Getting started with MLOps, Part 3: Advanced model training in Kubeflow

Sam Ibou September 12, 2023 2 min read

[ad_1]

Getting started with MLOps, Part 3: Advanced model training in Kubeflow
- Transfer learning and fine-tuning as a basis
Training acceleration and outsourcing
Use distributed training and MPIJob resource
Monitoring and other functions
outlook

Read article in iX 10/2023

To work with large language models such as ChatGPT, Bard or LLaMA with several billion parameters, you need to expand your MLOps approach with advanced techniques. To optimize training times and model quality, data scientists use transfer learning and fine-tuning of pre-built base models, use additional or specialized hardware, rent resources from the cloud and distribute the training across multiple computing nodes.

Monitoring via TensorBoard provides developers with continuous feedback on the training status and model quality. After this rough optimization, if necessary, model training is repeated on more current training data and the training parameters are refined using AutoML and hyperparameter tuning. This last part of the tutorial shows how all of these techniques can be integrated into Kubeflow.

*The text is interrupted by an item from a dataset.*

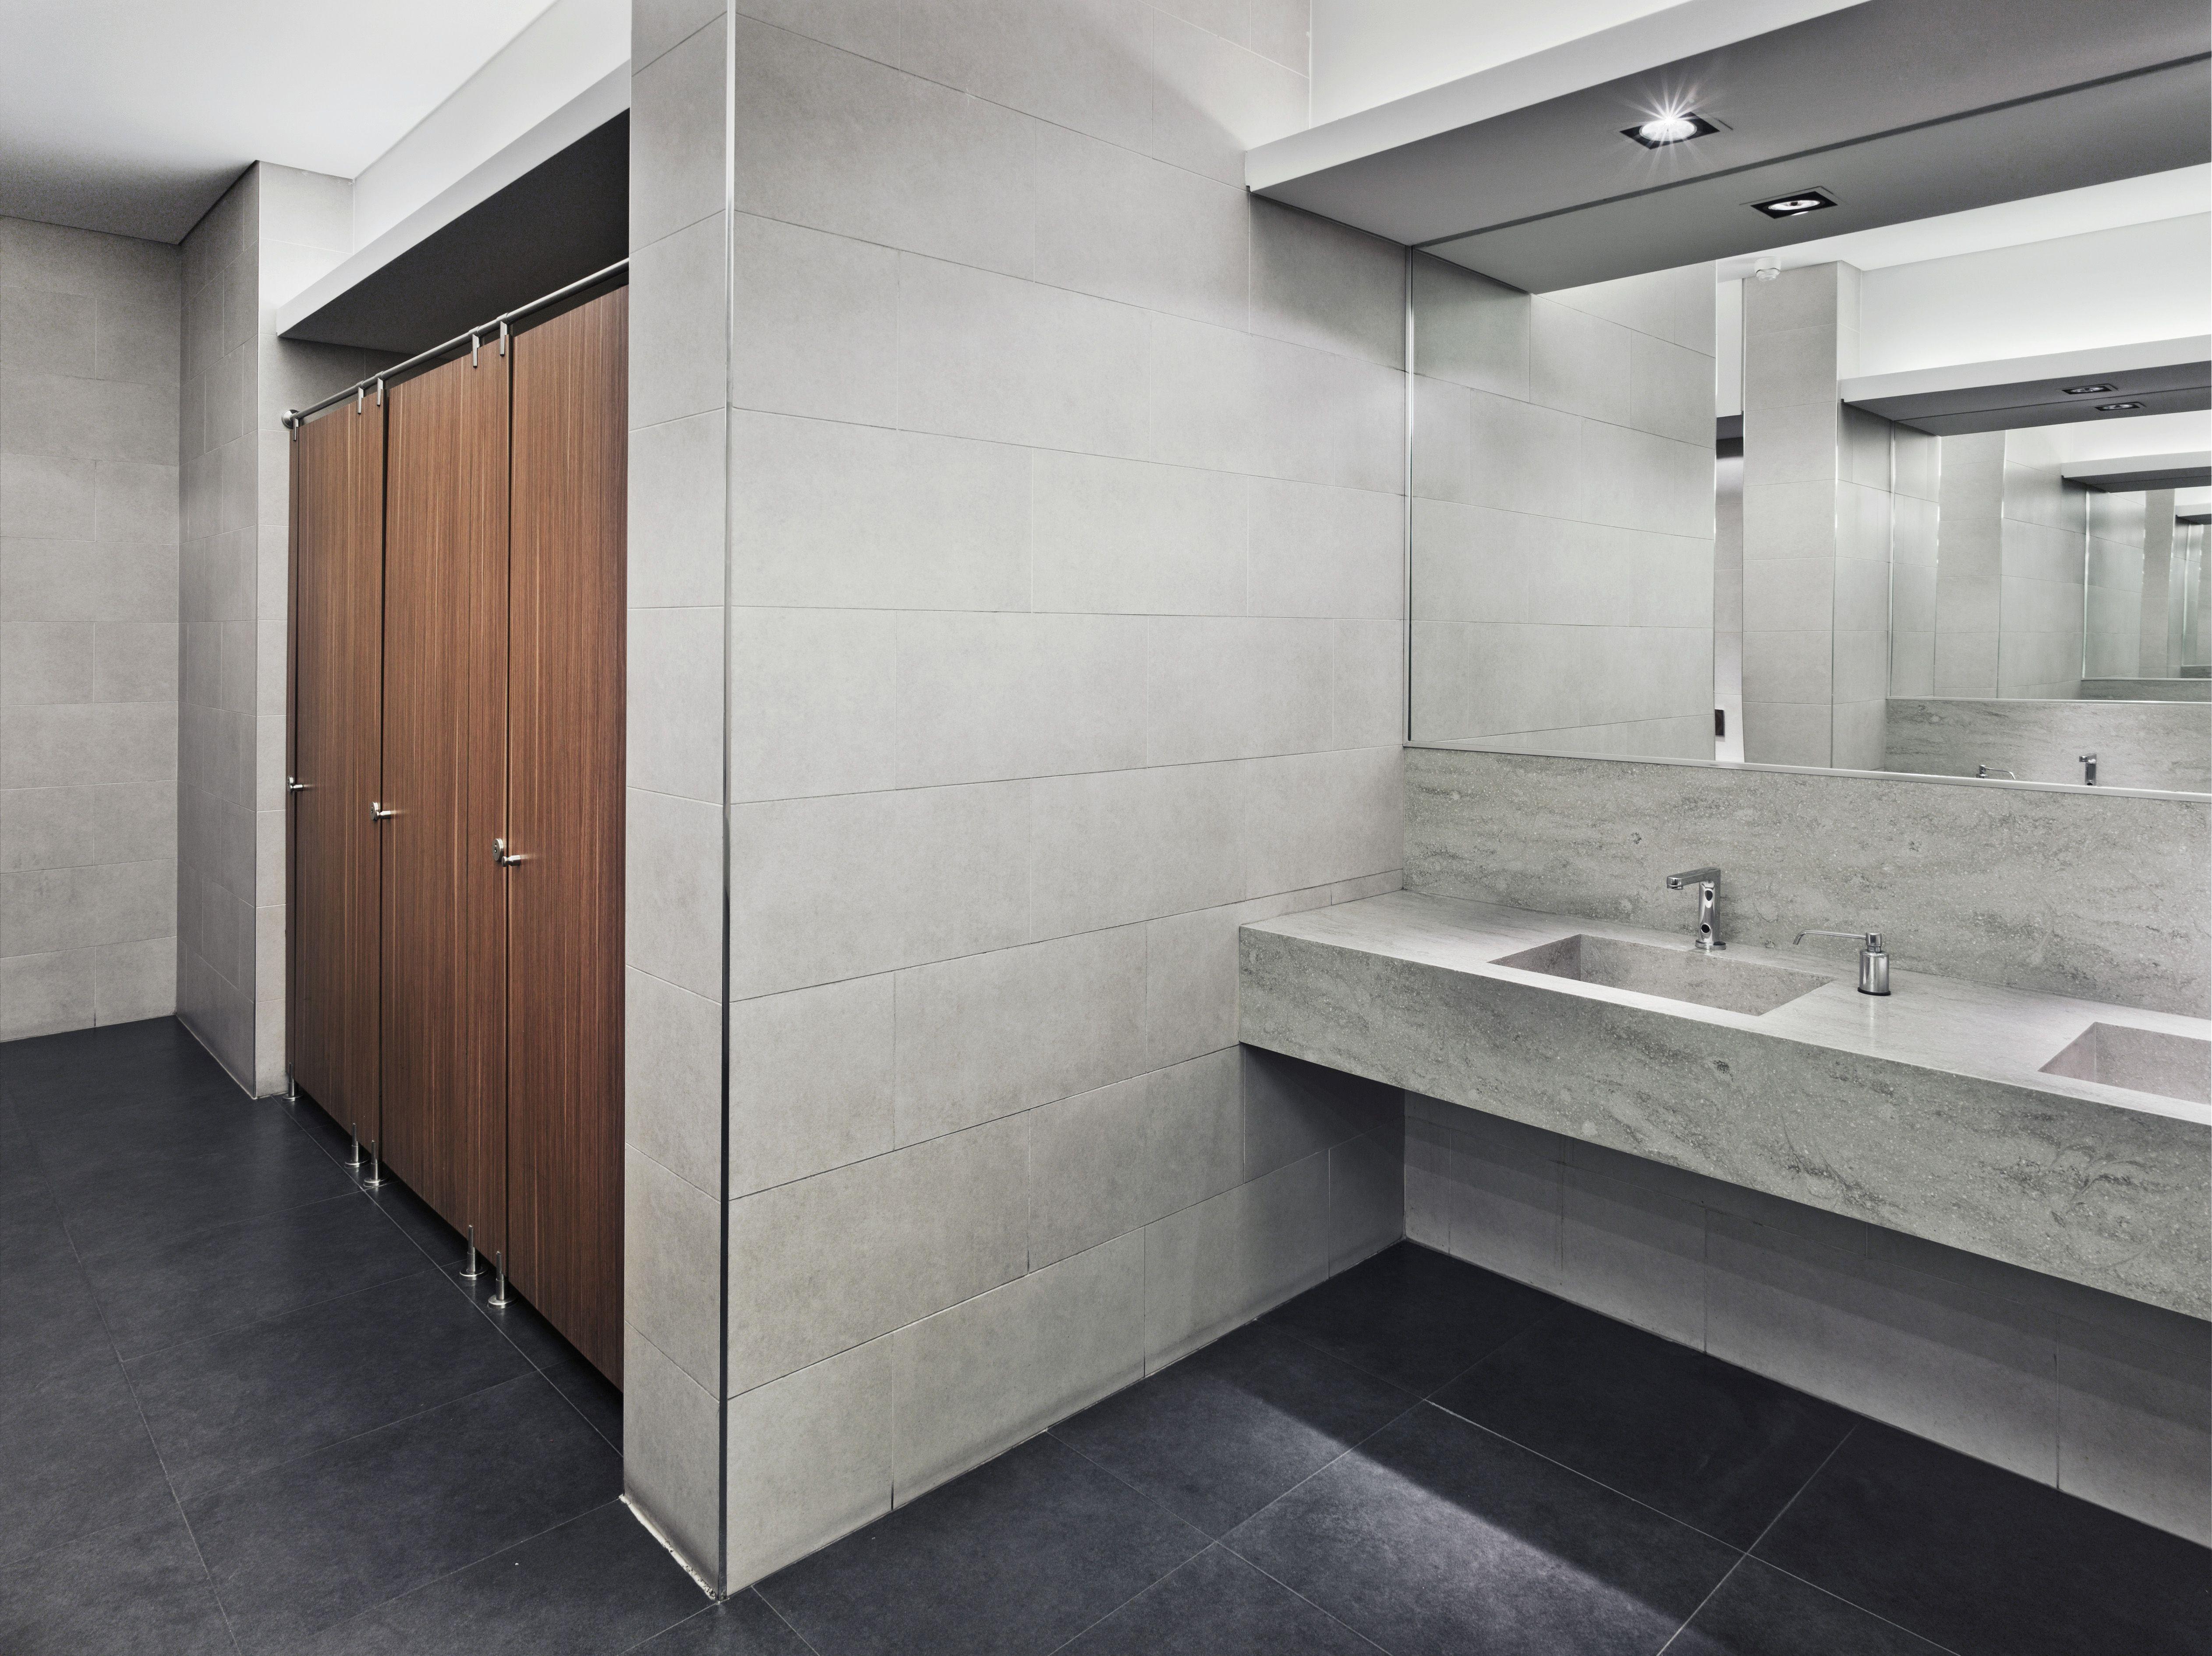 Bathroom Flooring Options New the 7 Best Bathroom Flooring Materials Photograph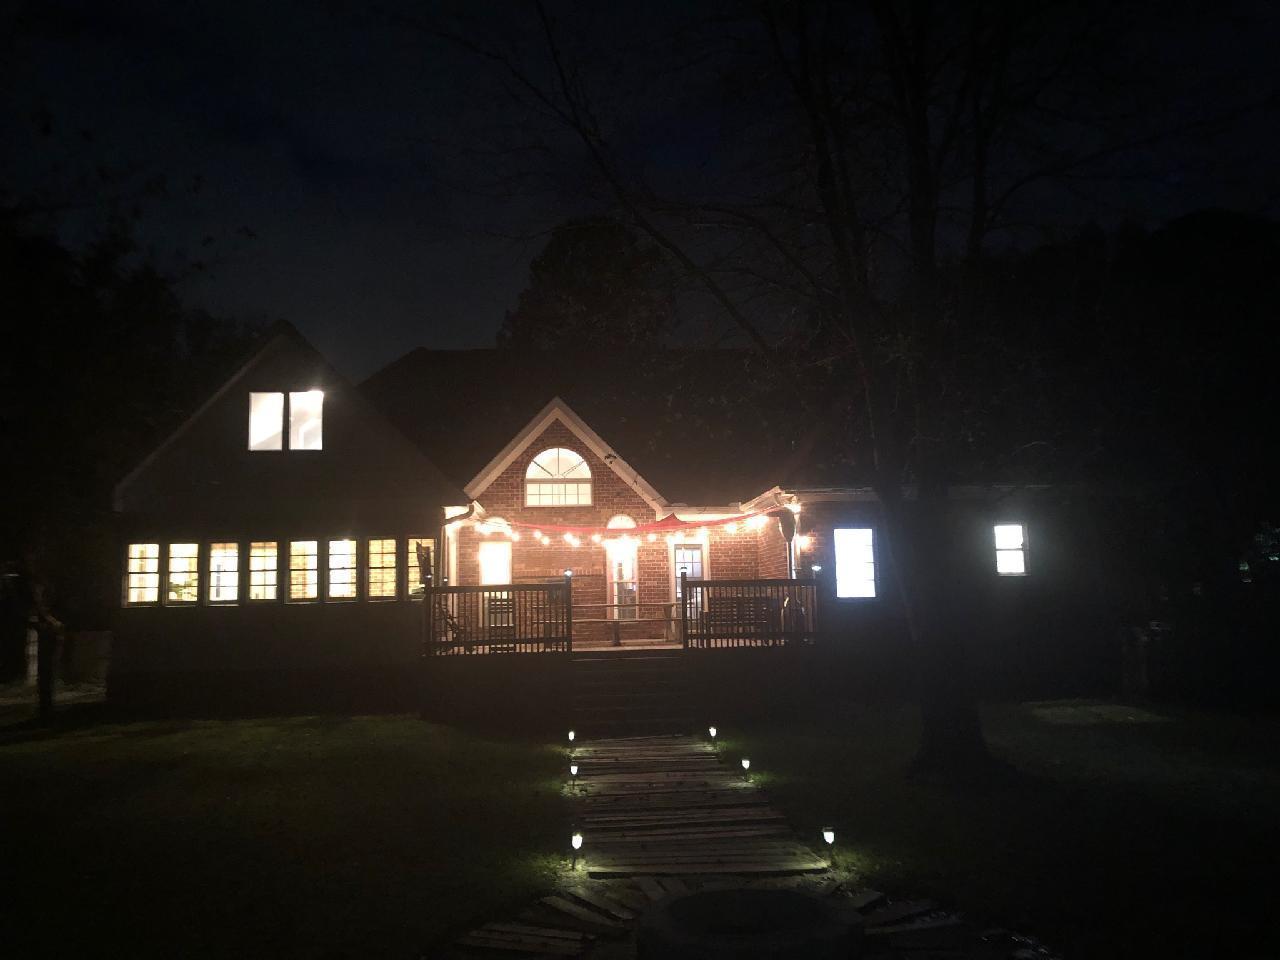 Dunes West Homes For Sale - 3708 Colonel Vanderhorst, Mount Pleasant, SC - 31

Dr. Sebastian Lehrig leads MLOps with open source at IBM. His goal: to offer solutions optimized on IBM infrastructure – maximally efficient, secure and reliable.

The first two articles in this series showed how data scientists Build AI models with Kubeflow pipelines, deploy, manage and use. Classifying the iris dataset as an example was useful because it can be easily analyzed with few resources and simple models. However, the techniques presented so far are not suitable for training more computationally intensive and complex models.